Venture outside the city centre, to, say, Kirkdale, Norris Green, Netherley or Kensington & you'll find precious little of the "confidence" that Joe proclaims.
As if that wasn't enough, Joe made a point which would have had Cameron, Clegg & Osborne in paroxysms of mirth:
"Neither myself nor other core city leaders are denying the need for austerity or the need for local government to take its fair share of reductions in public spending. Our call is simply for fairness in how that austerity is distributed across the country."
Fairness In Austerity! Compassionate Cuts! Great slogans, wouldn't you say?

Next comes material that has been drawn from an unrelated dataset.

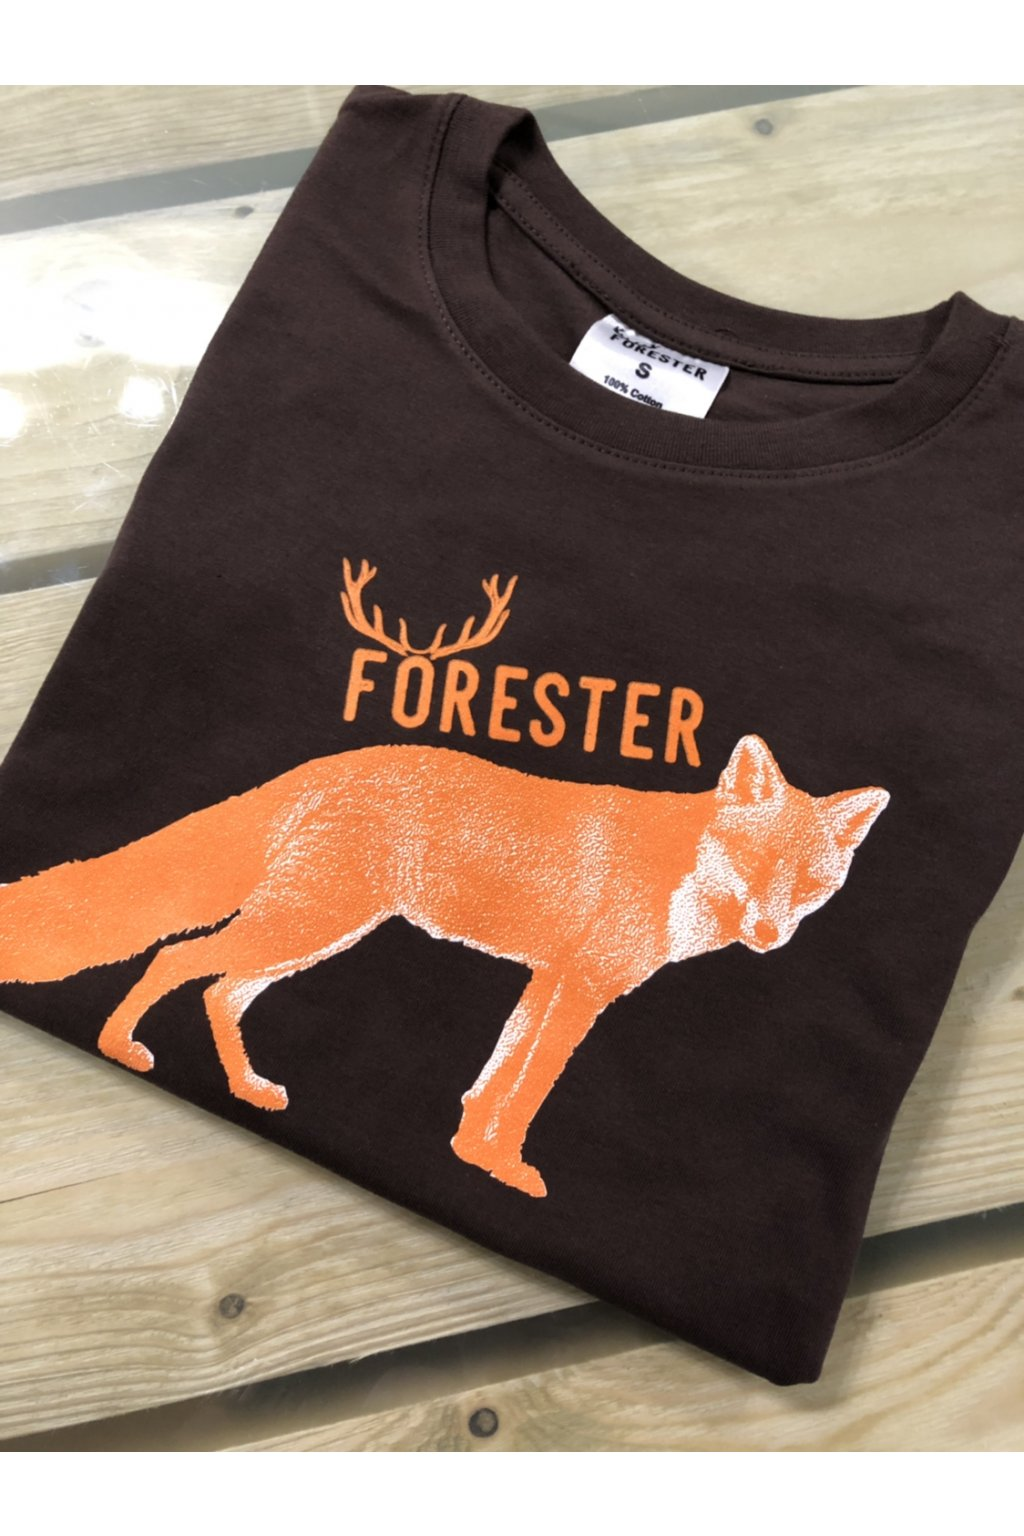 FORESTER - tričko dámské hn.liška

Anderson's acceptance of the need for cuts on the basis that we've all been living beyond our means buys into a myth which was exposed by Dan Silver in a Guardian piece the following day. Silver noted that the ongoing legacy of the 2008 financial crash was now presented as a government deficit crisis ( ):
"The financial crisis of 2008, which for many has discredited the dominant model of financial capitalism, has been maintained by those currently in power. It has been reconstituted as a debt crisis caused by government deficits."
It would have been welcome at today's exercise in mutual self-congratulation if Anderson had publicly & vocally shared this analysis of the situation, told Cameron so & declared his intention to stand up to the Tories. But he didn't. And he won't.
Happy New Year.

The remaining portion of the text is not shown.